Le 15 mai, Harald Maass, correspondant en Chine du quotidien allemand "Frankfurter Rundschau", a été convoqué au ministère chinois des Affaires étrangères. Un directeur de division du Département de l'Information, Zhang Lizhong, a mis en garde le journaliste, affirmant que son reportage au Tibet était une "erreur" et une affaire sérieuse. Il a reproché à Harald Maass d'avoir "déformé les faits" dans ses articles et d'avoir "violé les standards journalistiques". L'officiel lui a demandé de "corriger ses erreurs". Interrogé par Reporters sans frontières, Harald Maass a expliqué que c'était la première fois en neuf ans de présence en Chine qu'un officiel du ministère des Affaires étrangères le menace pour ses articles.

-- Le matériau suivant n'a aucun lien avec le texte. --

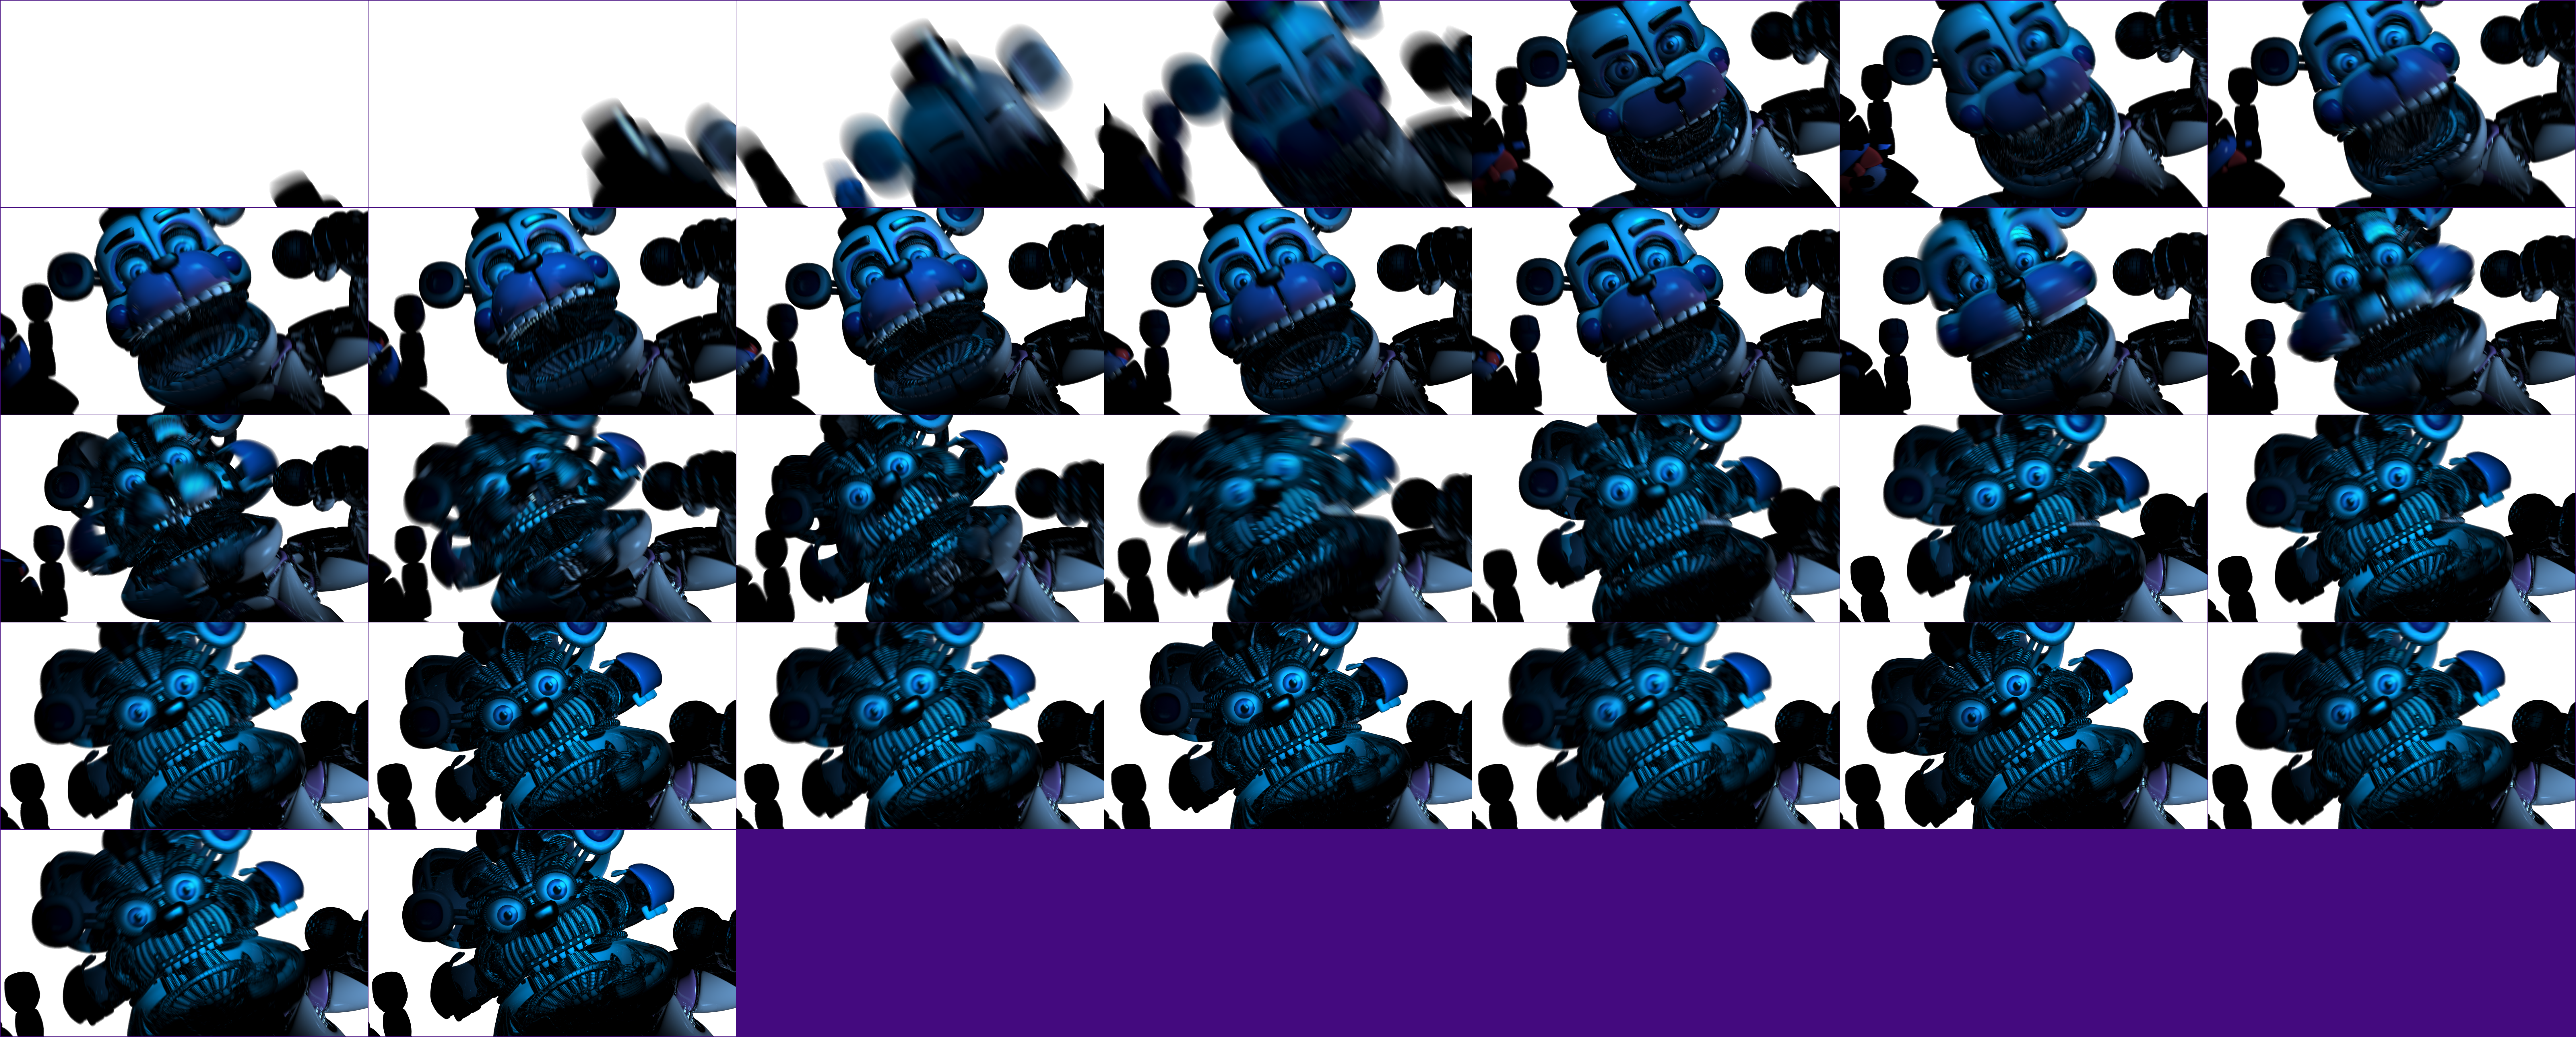 Five Nights at Freddy's: Sister Location - Funtime Freddy

Zhang Lizhong a déclaré que le journaliste avait le droit de se rendre au Tibet en vertu des nouvelles régulations concernant la presse étrangère, mais qu'il aurait dû obtenir une autorisation des représentants du ministère (Weiban) à Lhassa.

Le même jour, Tim Johnson, correspondant du groupe de presse américain McClatchy en Chine, a été convoqué par le même officiel du ministère des Affaires étrangères. Zhang Lizhong lui a également reproché son reportage au Tibet. Il a qualifié certains passages des articles du correspondant de "faux" et "inacceptables". Selon Tim Johnson, Zhang Lizhong lui a dit que les nouvelles régulations ne couvraient pas les reportages au Tibet.

Harald Maass et Tim Johnson s'étaient rendus au Tibet en avril dernier. A leur arrivée à Lhassa, ils avaient été suivis et harcelés par des policiers chinois en civil. Des Tibétains avec qui ils s'étaient entretenus ont reçu des amendes. La police a empêché Harald Maass de se rendre dans la ville de Shigatse.